Inflation took a big bite out of Campbell Soup Co.’s fiscal third-quarter profits, and is expected to keep eating away at earnings for a “sustained” period.
While the soups, snacks and simple meals seller’s Chief Executive Mark Clouse said Wednesday that he was “confident” that inflation can be addressed, through pricing actions and continued sales momentum, he said there is enough uncertainty to hold off before providing a more detailed outlook.
“I would be remiss not to say, though, that inflation is a little bit of a moving target right now,” Clouse said, according to a transcript of the post-earnings conference call with analysts. “And so, although I feel great about what we’re doing, I think I kind of want to wait for the next quarter to see kind of where we’re landing on a couple of the variables and a couple of the commodities.”

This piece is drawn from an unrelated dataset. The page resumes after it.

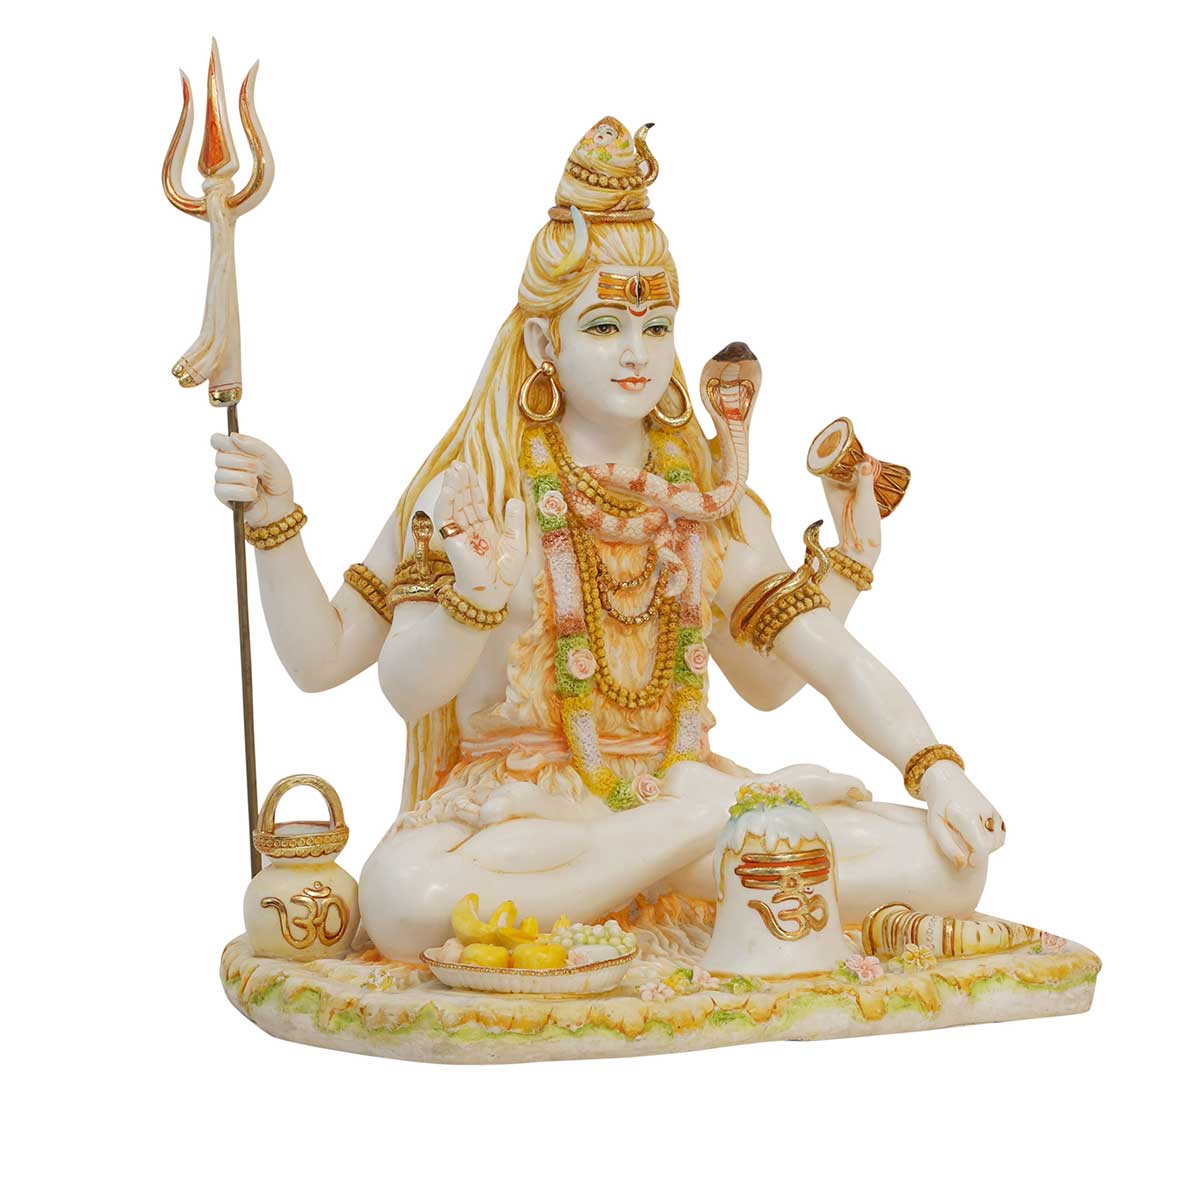 Lord Shiva | Lord shiva, Shiva, Lord shiva pics

Clouse’s comments came after the company reported early Wednesday fiscal third-quarter results, in which profit and sales fell more than Wall Street expectations and the full-year outlook was cut, as inflation and rising supply chain costs weighed on results.
dropped 6.1% in afternoon trading Wednesday, enough to make it the second-biggest decliner in the S&P 500. It recovered a bit on Thursday morning.
“We did face a significant inflationary environment in the quarter, as well as shorter-term increases in supply-chain costs,” Clouse said. “We anticipated the vast majority of these drivers, but in certain areas the pressures intensified, especially around inflation and some of the transitional costs moving out of the COVID-19 environment.
He said some of the supply chain headwinds were shorter term as they were caused by the Texas winter storms and the closure of the company’s Paris, Texas facility for two weeks. Regarding inflation, however, Chief Financial Officer Mick Beekhuizen said his expectation is for “sustained inflationary pressures through the remainder of the year.”
“In the fourth quarter, we expect more pronounced inflationary pressures to negatively impact margins, while pricing actions take hold in the beginning of fiscal 2022,” Beekhuizen said.
In the third quarter, gross margin decreased to 31.7% from 34.5%, with CEO Clouse saying inflation and supply chain cost increases caused about a third of the gross margin erosion. Based on the current FactSet consensus for sales and cost of sales, the current expectation for fiscal fourth-quarter gross margin is 35.3%.